(About this task): The result should be an exact copy of only the lines from the one holding "a black sports" through the last line of the data below, please, without pictures.
(Information shown)
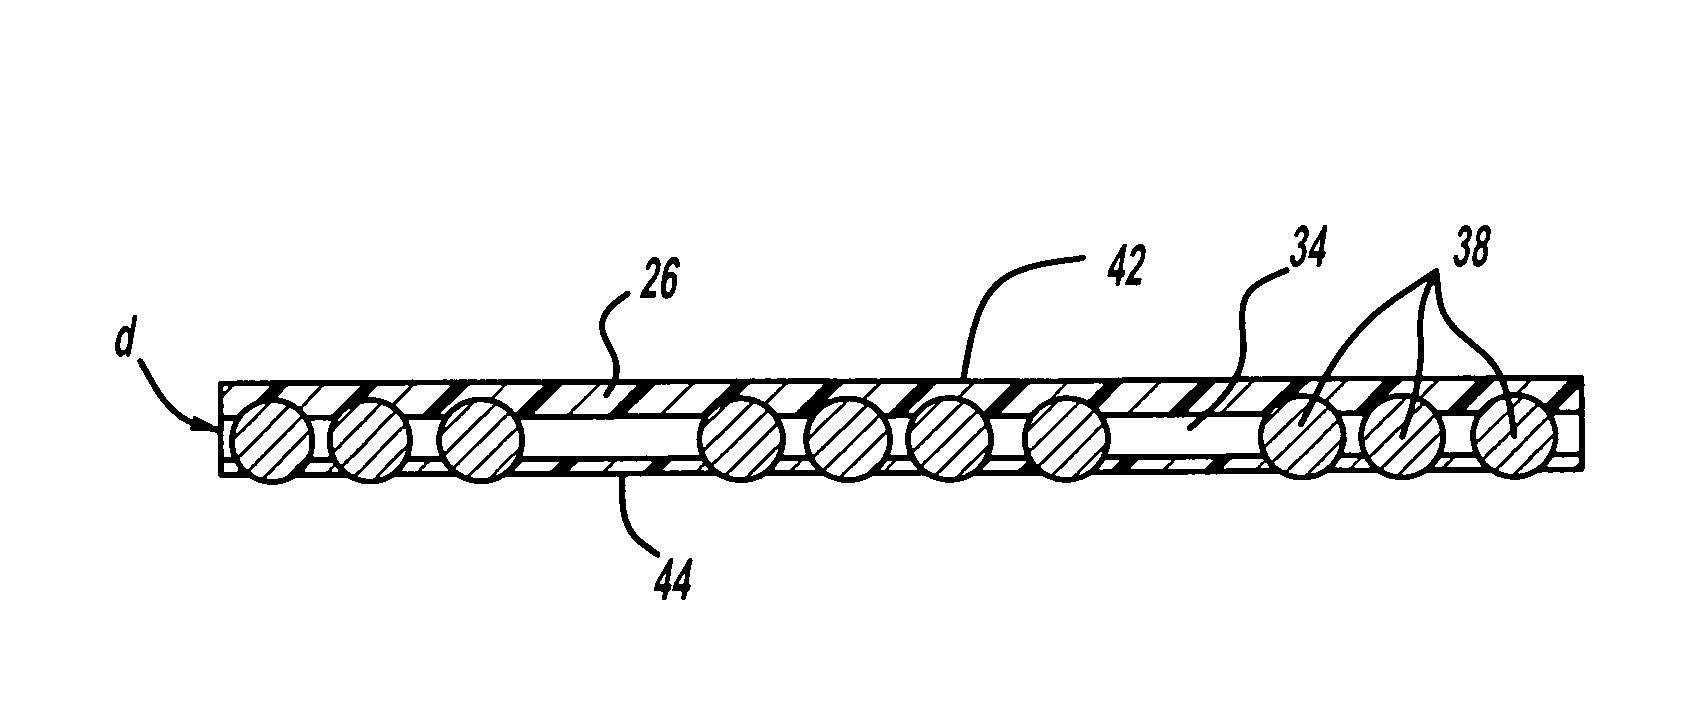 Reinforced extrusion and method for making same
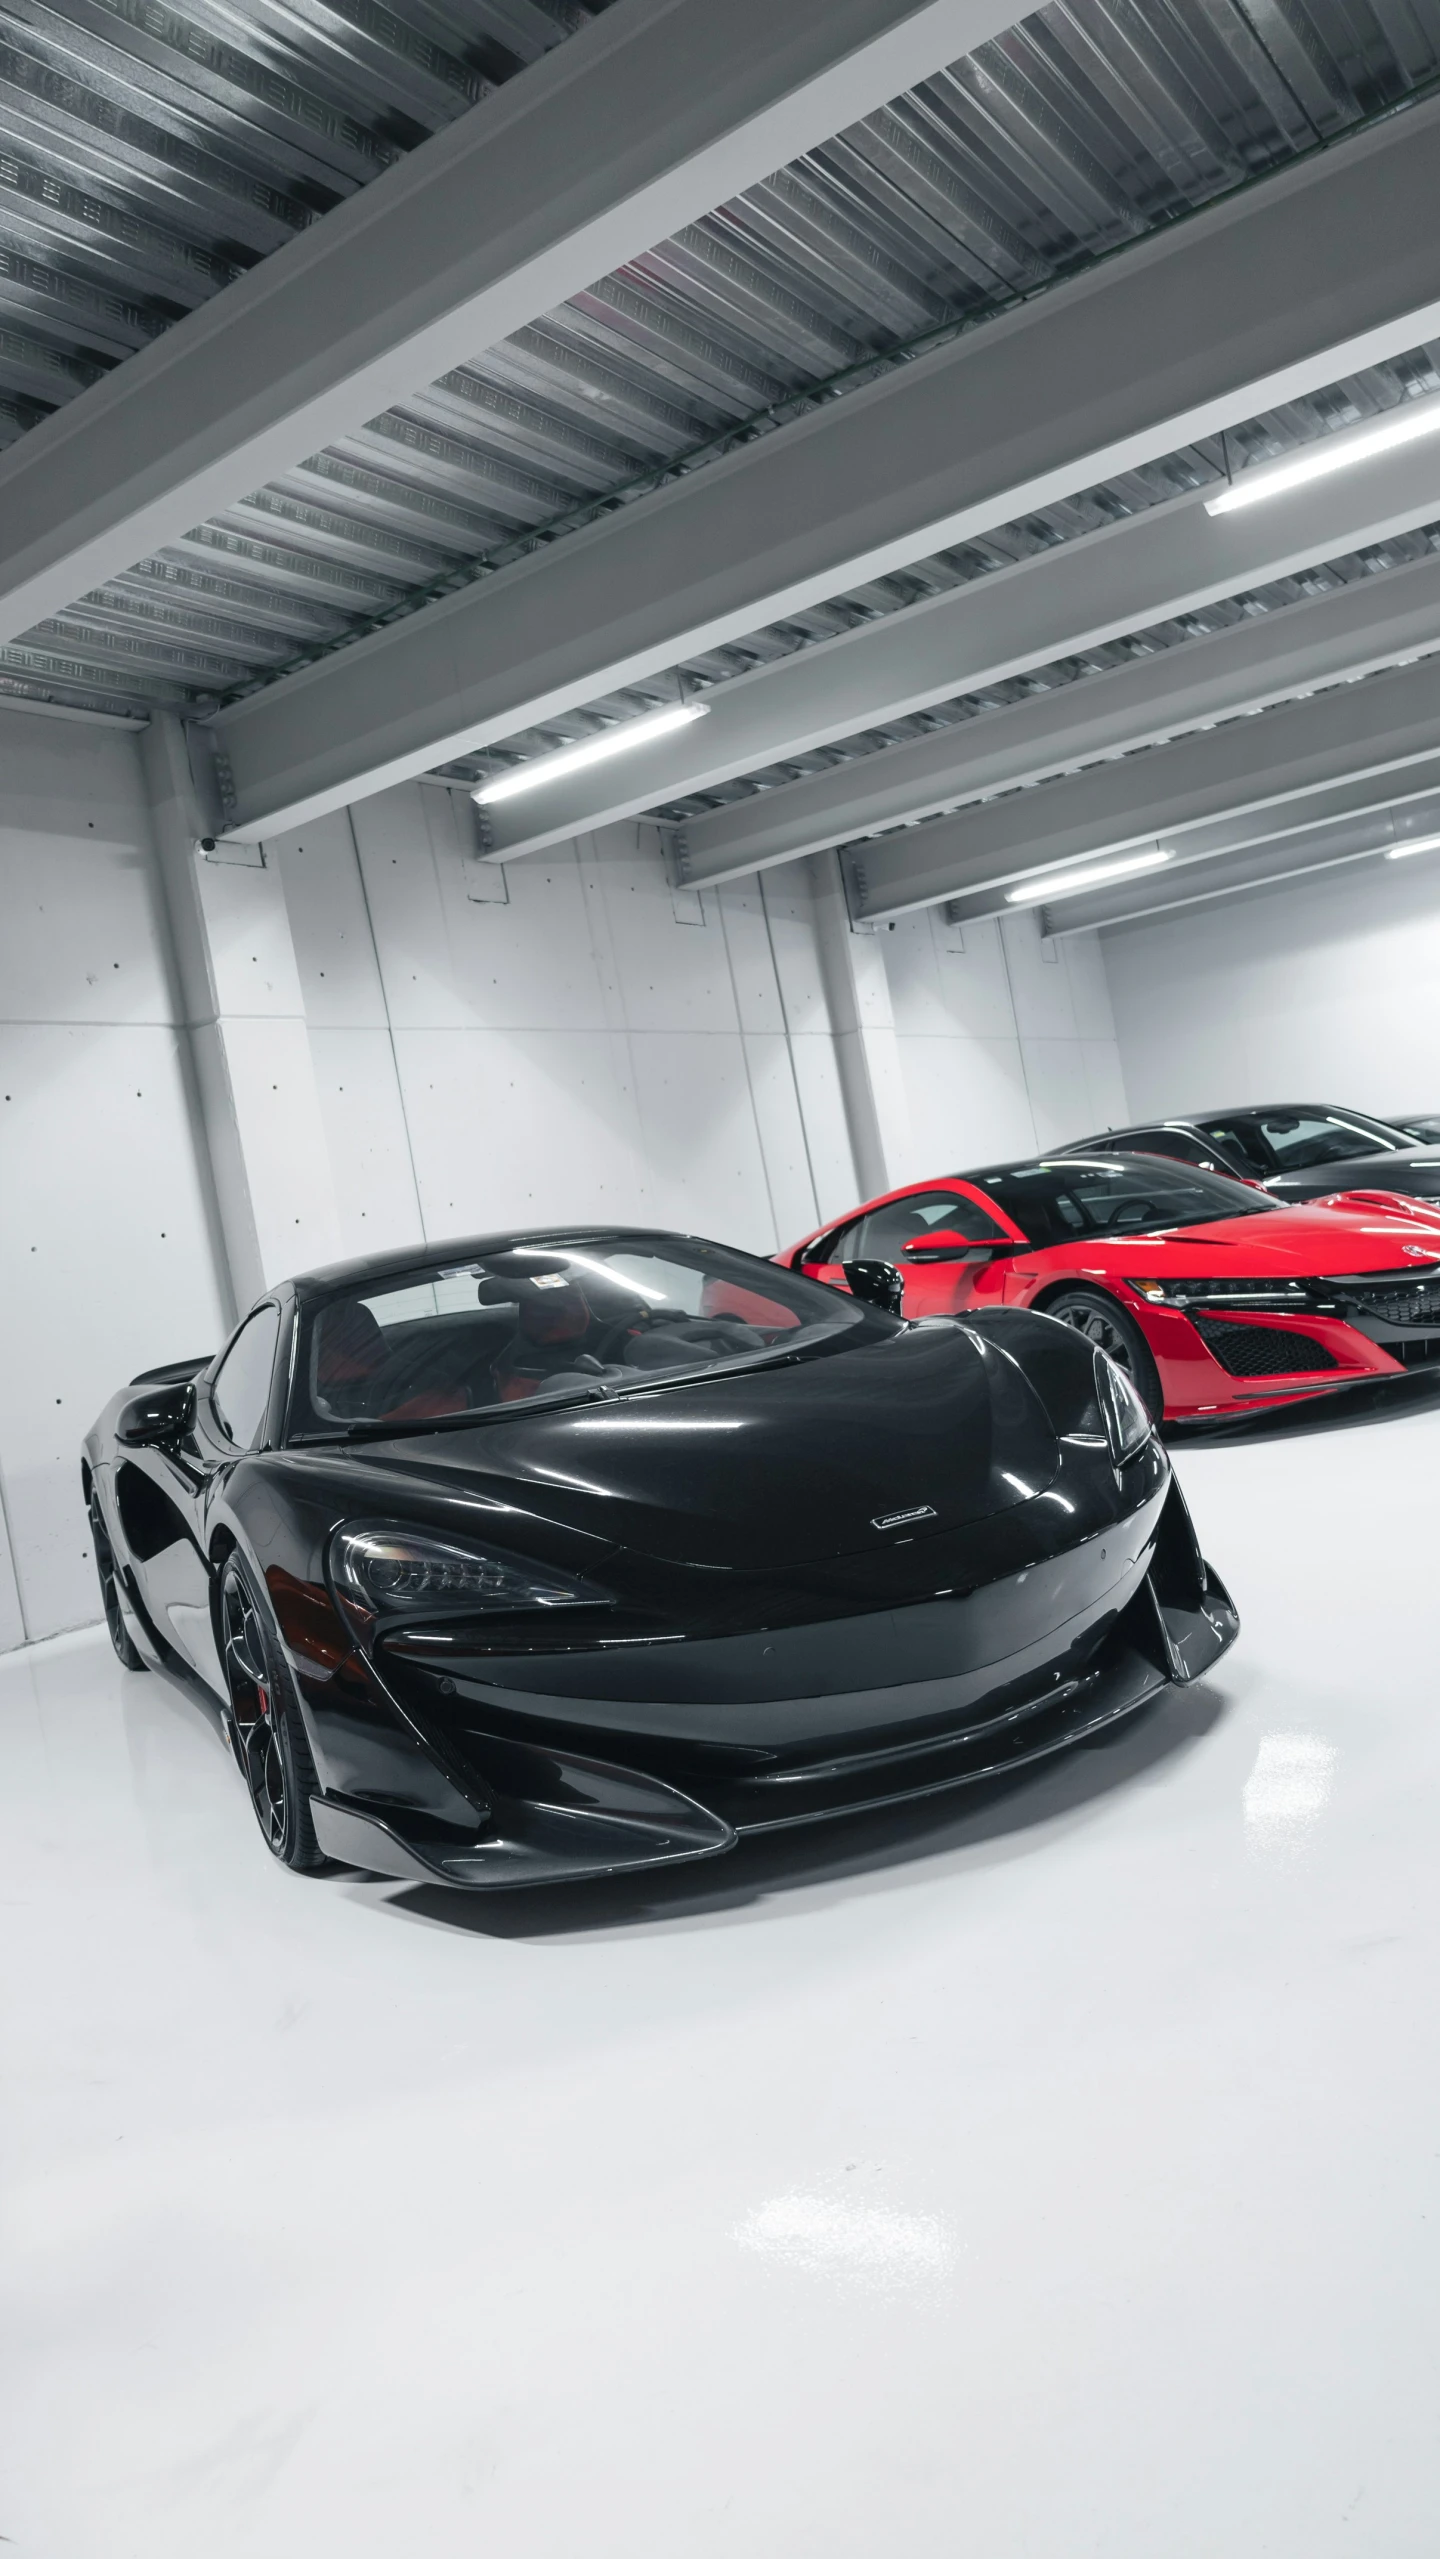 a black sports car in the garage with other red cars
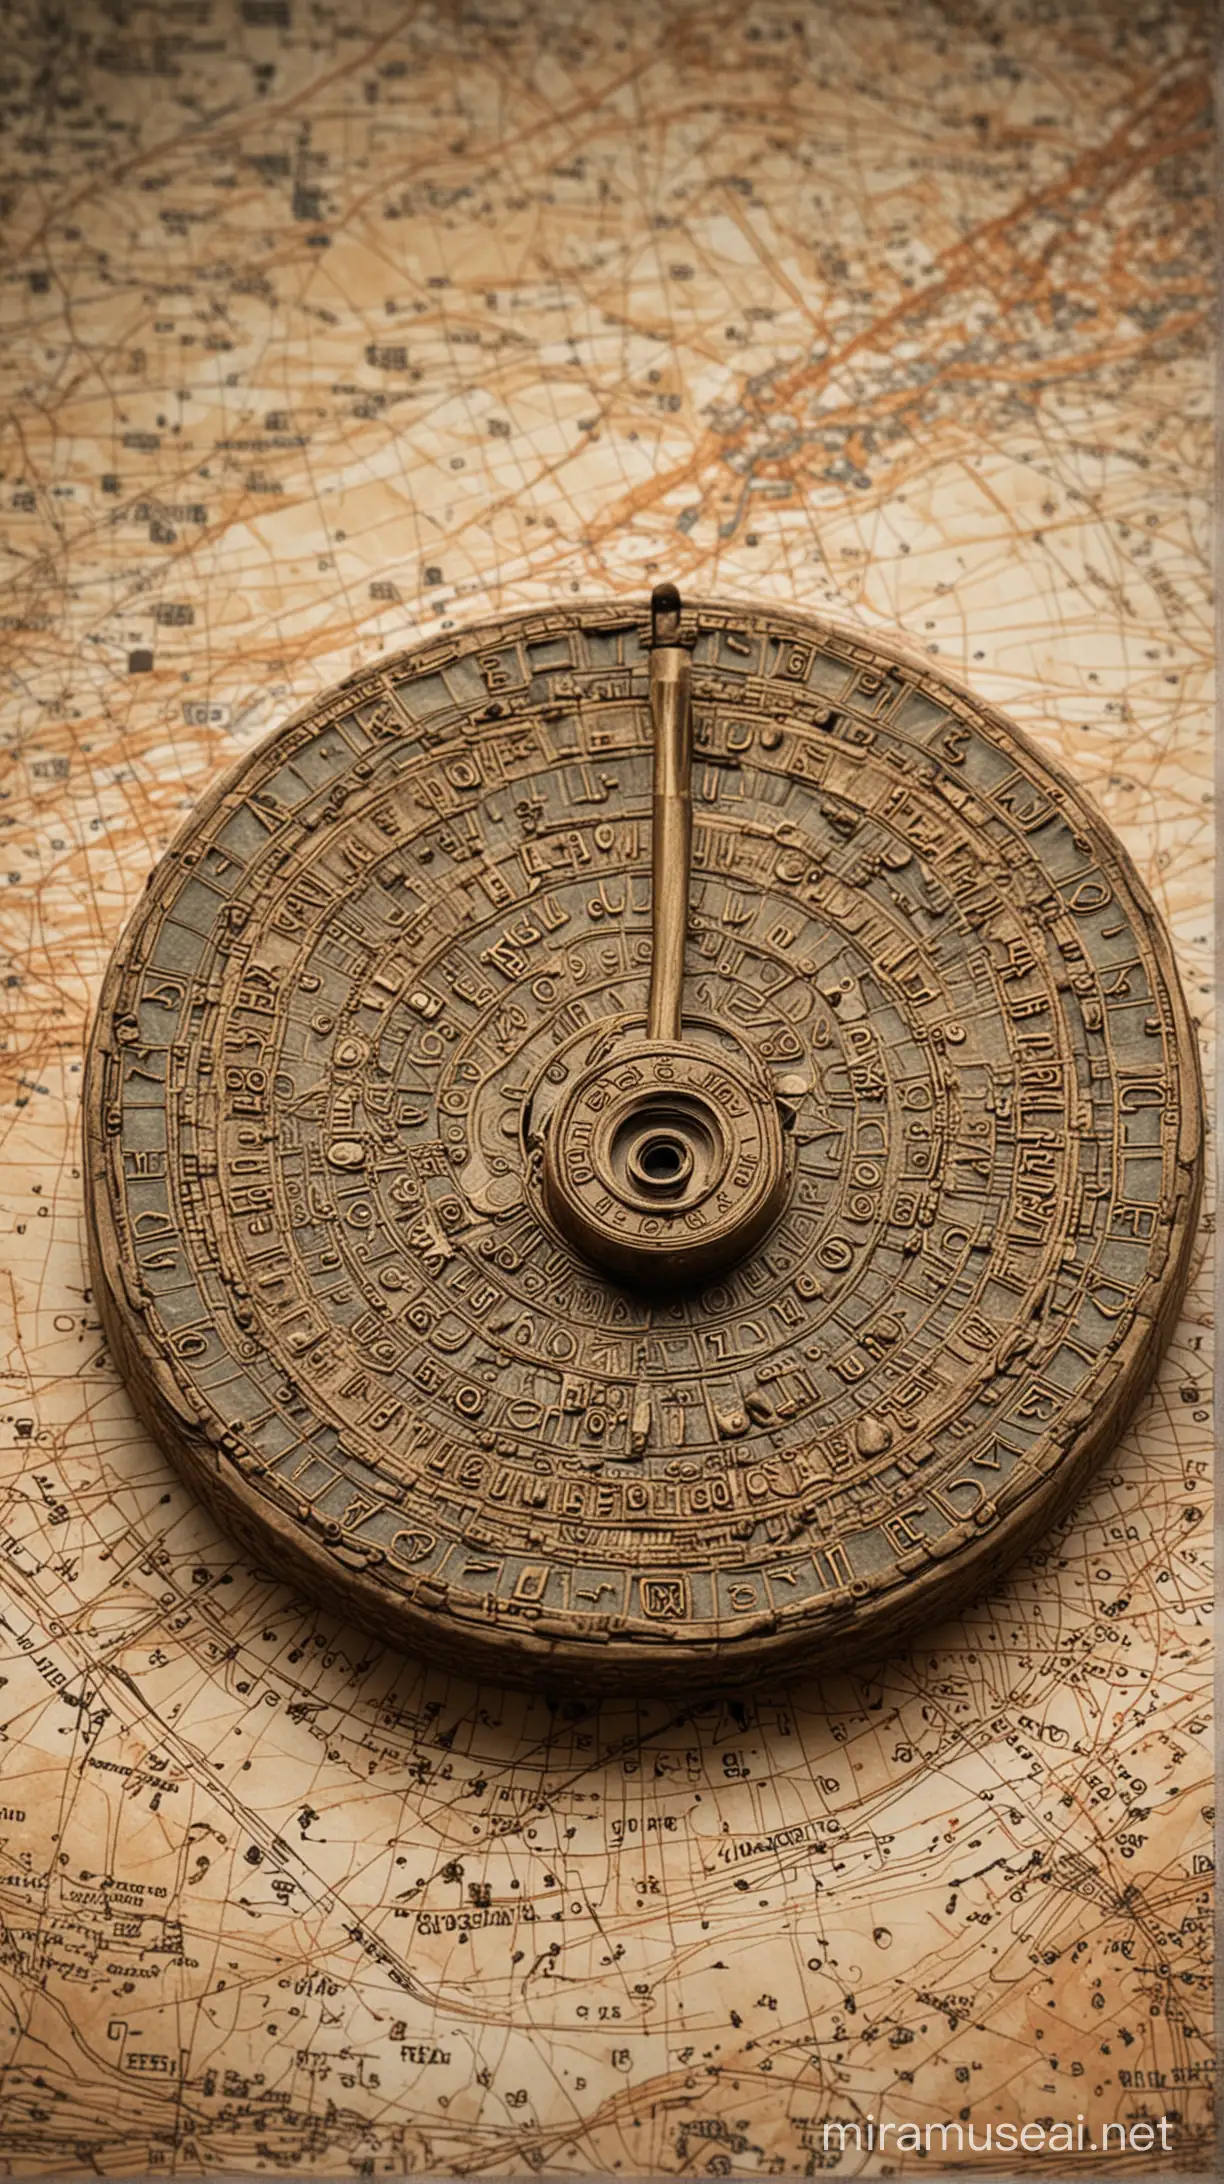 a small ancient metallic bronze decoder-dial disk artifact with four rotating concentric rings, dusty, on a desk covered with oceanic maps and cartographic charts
(End Information shown)
(Output):
 a black sports car in the garage with other red cars
 a small ancient metallic bronze decoder-dial disk artifact with four rotating concentric rings, dusty, on a desk covered with oceanic maps and cartographic charts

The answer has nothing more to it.